Bonjour Blue Dream, merci pour ce fantastique retour !
Concernant ton 1er post,
"voilà deux domaines bien différents, et que des compositeurs "sérieux" fassent des BO à l'occasion, ou que leurs élèves en fasse carrière, n'y change rien (...) à force d'amalgamer, on confond tout (...) la sincérité ! Le premier écrit de son sang, le second fait son job (...) Les productions hollywoodiennes délivrent un son calibré pour les systèmes ciné et Home-Cinéma (...) Et tout le monde se prend pour Hans Zimmer"

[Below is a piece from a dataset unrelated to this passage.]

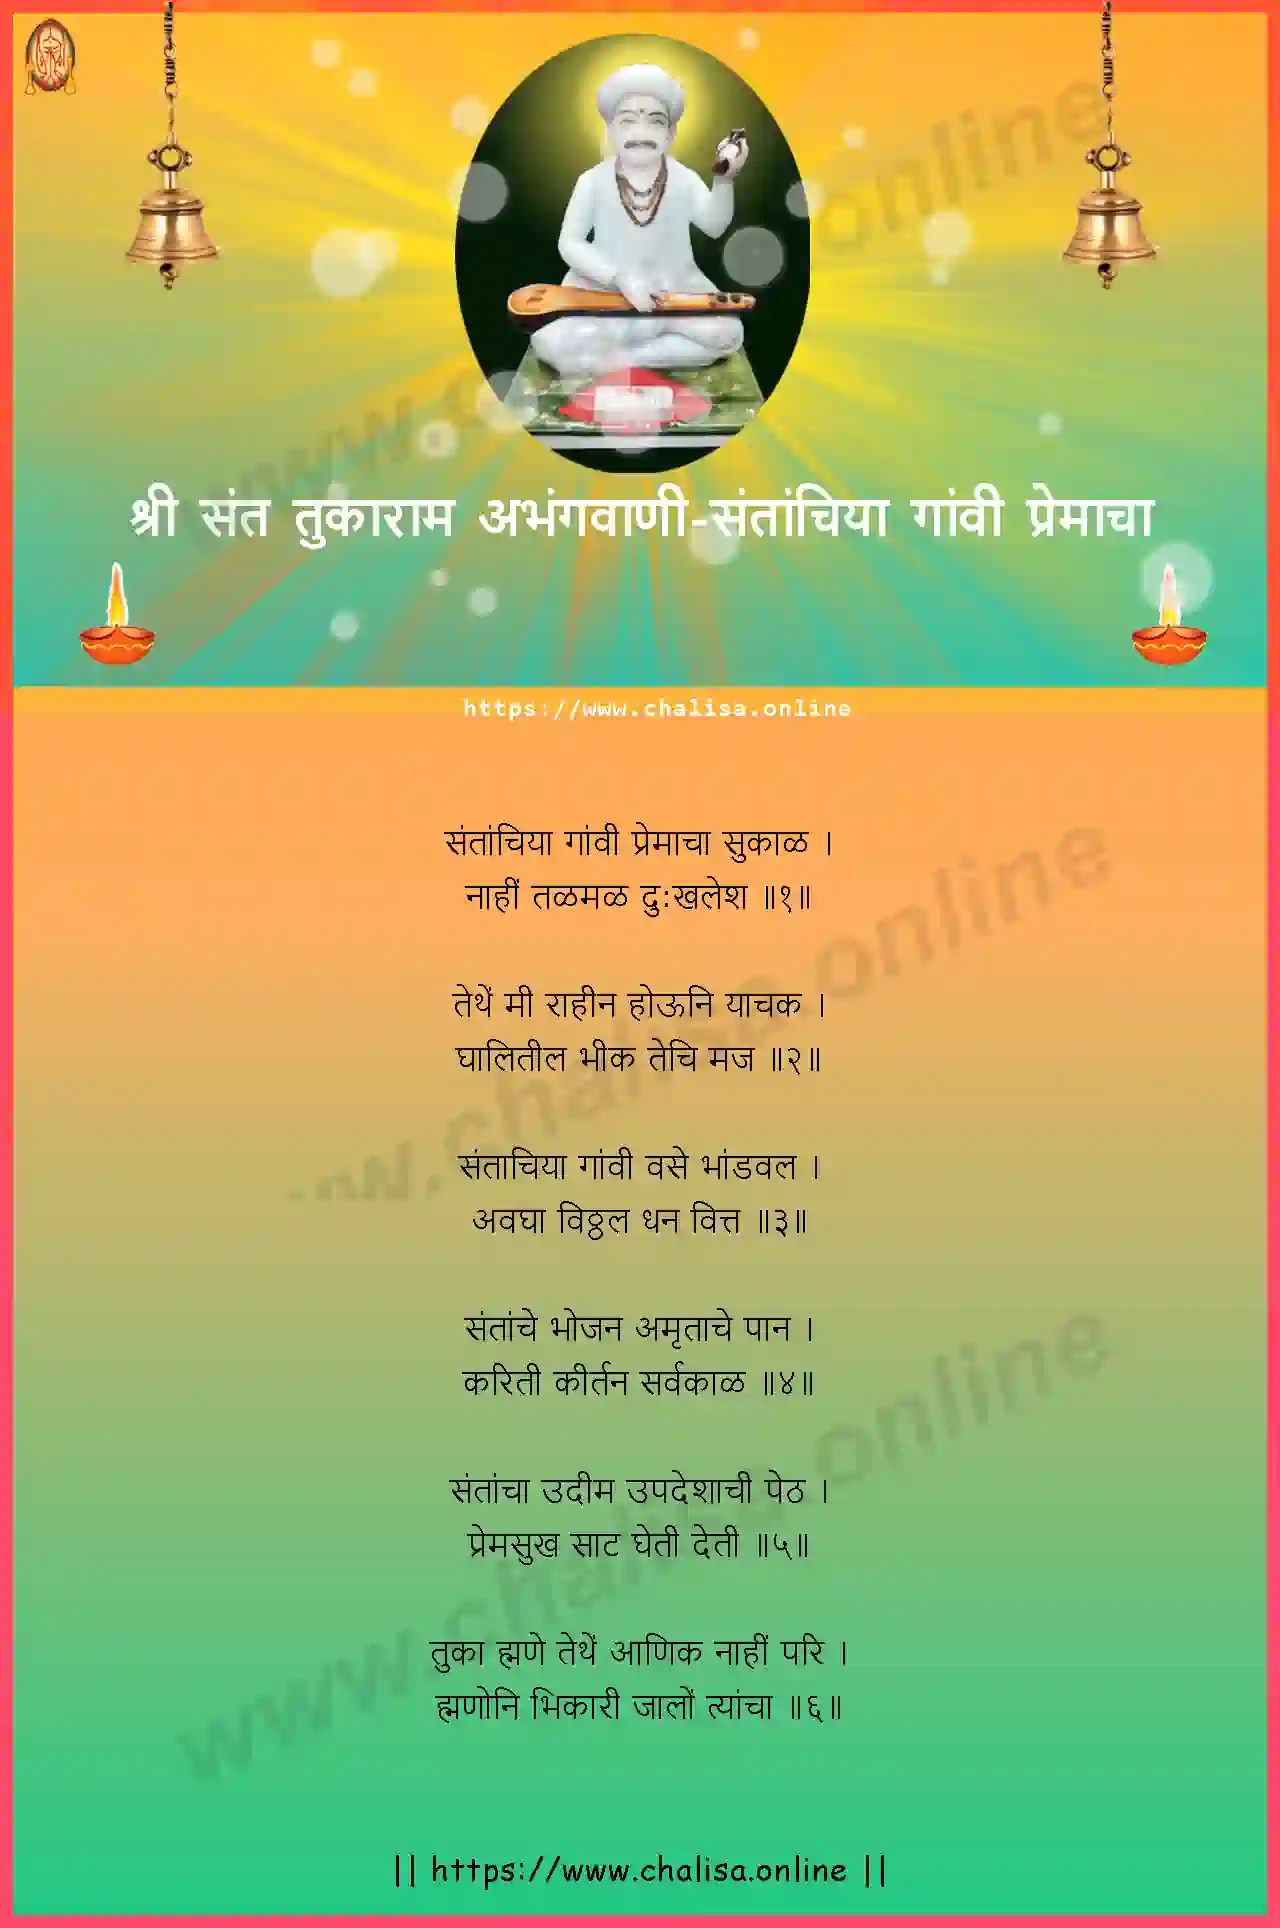 santanchiya-gavi-premacha-shri-sant-tukaram-abhang-marathi-lyrics-download
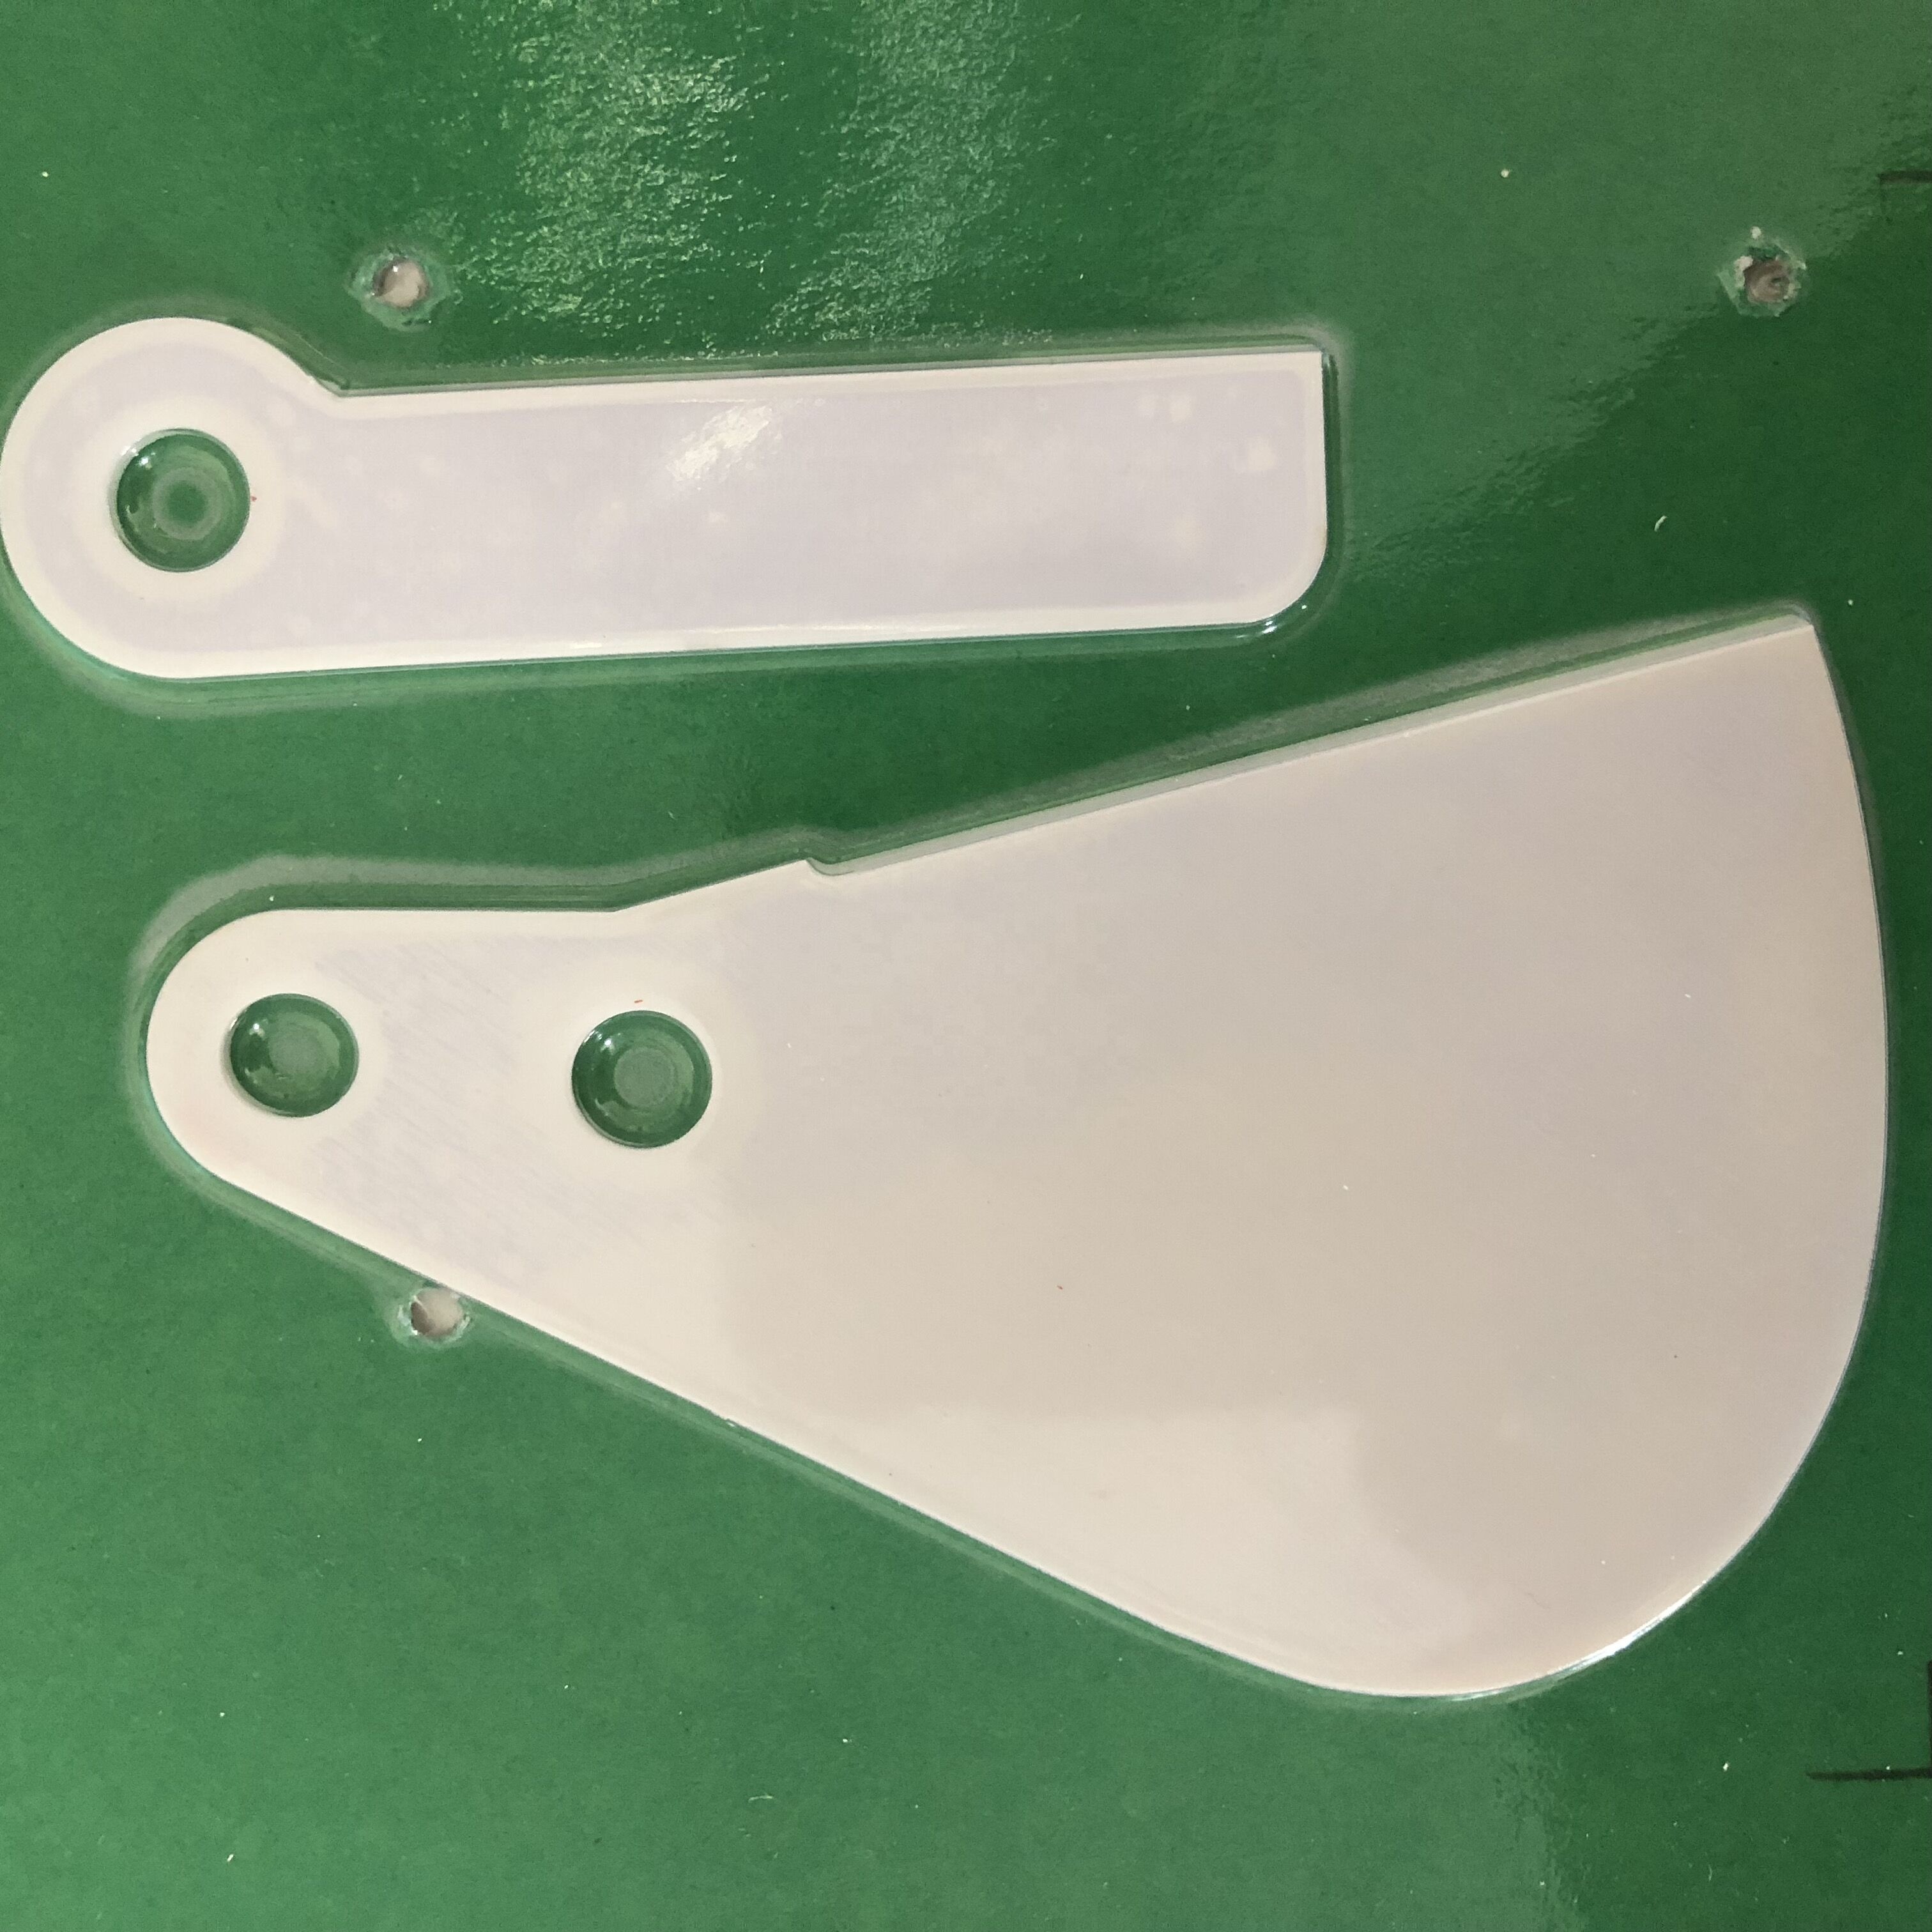 murata machconer ceramic Blade with part number 008-370-005/006

Je vais répondre à ces points. Je constate évidemment notre désaccord sur l'approche et la conception du répertoire, de ce qui rend une musique sérieuse (ou non). Ensuite je pense que tu te trompes pour la sincérité de Zimmer : bon nombre de ses œuvres furent écrites "de son sang" (même si pour Mahler, je pense devoir remplacer le "bon nombre" par "toutes"). Pour le son calibré : dans le cadre d'un film, le mixage et le montage font en effet en sorte que... Mais non, les compositeurs n'écrivent pas pour un orchestre en "calibrant" leur composition pour un son spécifique ! De Marianelli à Doyle, de Beltrami à Giacchino, ils composent, en suivant leur enseignement, leur héritage, leurs influences, leur âme, et basta. Quand à ta dernière phrase que je cite, c'est indéniable, hélas.
Pour le 2ème post :
- Concernant Rieu (et Clayderman...), tu auras compris que je parle de mon vécu, auprès de ma génération. Et si je n'en connais aucun qui n'en écoute, je sais à quel point il peut-être un symbole de la musique classique (oui !) auprès de celle-ci, et l'impact de son image niaise et ringarde qu'il jette dessus. Et pour les clients plus âgés que j'ai côtoyé du 3ème, 4ème (5ème et 6ème
) âge, combien de fois ai-je entendu "Moi mon jeune monsieur, je n'écoute que de la très grande musique classique, comme du André Rieu" [sous-entendu que comme j'avais 19 ans, je n'écoutais forcément que de la merde, alors que c'était ma plus fervente époque mahlerienne
]. Ceux-là, une majorité de son public que j'ai pu croiser, n'avaient hélas pas le recul de ta mère. Mais je ne veux vraiment pas m'acharner sur Dédé : cette image, il n'est pas le seul à la porter, et beaucoup d'acteurs culturels et commerciaux en sont responsables, les majors en première ligne.
- Concernant Zimmer, je souligne une fois de plus que j'ai volontairement tendu la perche pour cet exemple, qui ne sert pas vraiment mon article : pour certains compositeurs avec qui j'en ai parlé récemment, je sens bien des positions très fermes, voire dogmatiques, sur Zimmer et toute sa progéniture. Mais militant toujours pour la modération et l'ouverture d'esprit, et considérant sa quête de simplification comme pas forcément néfaste (et loin d'être opposé à la mutation électronique qui arrive à notre monde, aussi), j'ai cru bon de l'évoquer. Évidemment, si l'on considère la complexité comme indissociable de qualité, passer après Poulenc, je compatis
. Pour Interstellar, il y a peut-être des sons que tu prends pour synthétiques, alors qu'ils sont bien mécaniques (il a expérimenté des trucs dans l'église du temple, notamment différents usages des cordes).
Une remarque pour finir : tes réponses se concentrent (s'acharnent
) sur Zimmer, mais il n'est qu'un seul cas de la grosse vingtaine de compositeurs que j'évoque, dont certains plus longuement. C'est dommage, la "musique de film" étant si vaste, et les ponts si nombreux... Et je dis cela en regardant le concert de Dudamel dirigeant le L.A. Philharmonic, jouant du Williams sur Arte (depuis 17h30). J'aurais préféré qu'on débatte sur Williams, car il n'est ni moins sincère, ni moins "sérieux", ni moins riche et intéressant, que Mahler, justement. Et Dudamel vient de s'adresser au public avec ce genre de propos : "Nous, musiciens, rêverions toujours de rencontrer Beethoven, Bach, Mahler ou Chostakovitch. Et nous avons cette chance, il y a John Williams".
Et au moment où j'écris ces lignes, Williams explique en coulisse, qu'enfant il allait au cinéma principalement pour écouter le son de l'orchestre, et que c'est ce qui l'a amené à son éducation musicale. C'est exactement ce que je prône : le cinéma - et les autres nouveaux médias - comme véhicules principaux de culture, pouvant brasser et éduquer un public en l'amenant vers tout autre chose (dont l'héritage musical de notre civilisation
), et ayant le passif (= légitimité historique) et le potentiel (= c'est aussi un gagne-pain incontournable pour les compositeurs actuels et futurs), de le faire sans nivellement par le bas.